Wednesday, February 16, 2005

PLATFORM SHOOS

I’ve never had the endurance to slog through political party platforms, but finding a couple of gems of absurdity in them is made easier by excerpts in “Take Them at Their Words: Shocking, Amusing and Baffling Quotations from the G.O.P. and Their Friends, 1994-2004,” by Bruce J. Miller with Diana Maio (Academy Chicago Publishers, 2004).

This first quote is from the North Carolina Republican Party platform adopted in 2002:

We believe homosexuality is not normal and should not be made an acceptable “alternative” lifestyle either in public education or in public policy. We oppose special treatment by law based on nothing other than homosexual behavior or identity. We therefore oppose actions, such as “marriage” or the adoption of children by same-sex couples, which attempt to legitimize and normalize homosexual relationships. We support the Defense of Marriage Act.

North Carolina hicks, right? But the hicks were actually more clever in phrasing their platform than the witty, urban sophisticates who wrote the 2000 Republican Party platform (“Renewing America’s Purpose.
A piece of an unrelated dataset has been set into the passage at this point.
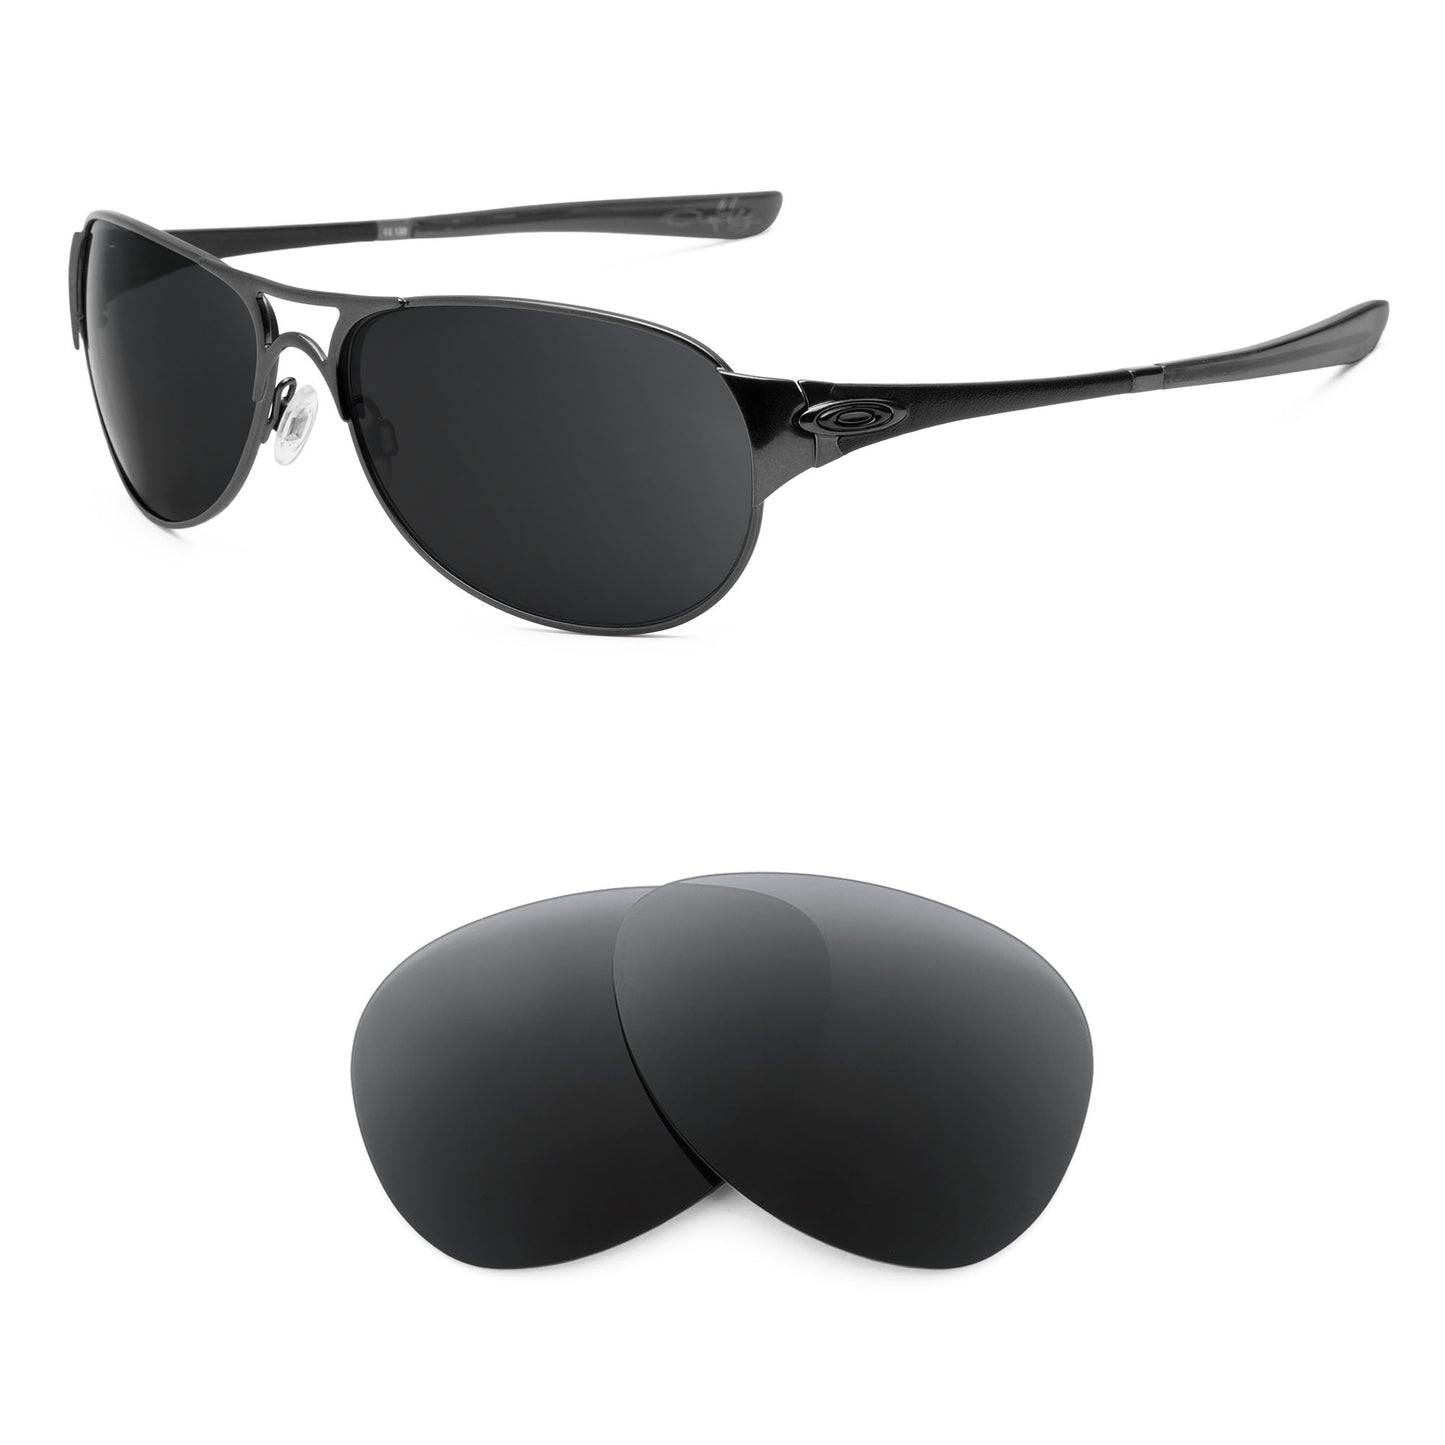 Oakley Restless sunglasses with replacement lenses

Together.”), part of which is quoted here. Read carefully:

We support the traditional definition of “marriage” as the legal union of one man and one woman, and we believe that federal judges and bureaucrats should not force states to recognize other living arrangements as marriages. We rely on the home, as did the founders of the American Republic, to instill the virtues that sustain democracy itself. That belief led Congress to enact the Defense of Marriage Act, which a Republican Department of Justice will energetically defend in the courts. For the same reason, we do not believe sexual preference should be given special legal protection or standing in law ...

Perhaps careful reading isn’t necessary after all. Any idiot knows that men preferring to have sex with women and vice versa is, by definition, a sexual preference, making this plank in the platform self-defeating, since the Defense of Marriage Act gives heterosexual marriages special legal protection and standing in law.

The North Carolinians get around this by opposing “special treatment by law based on nothing other than homosexual behavior or identity.” Unfortunately, the Defense of Marriage Act is just that, because it’s a law based on keeping homosexuals (or those with more exotic preferences, theoretically) from marrying.

Nice try, idiots. Better luck next time writing around this little logical fallacy.

3 comments:

Indri said...

Should the italicized word here be "children"?

We therefore oppose actions, such as “marriage” or the adoption of couples by same-sex couples,

Otherwise, go get 'em, tiger. But then everyone knows how I feel about this issue. These people make my stomach hurt. Why, why, why do they waste so much time and energy denying love? Is there so little in their own lives that they have to shoot it down in those of others?

Scape7 said...

Fixed. Thanks.

Scape7 said...

And thanks to you, too, Eric. I'm glad my descent into writerly prose didn't scare you off.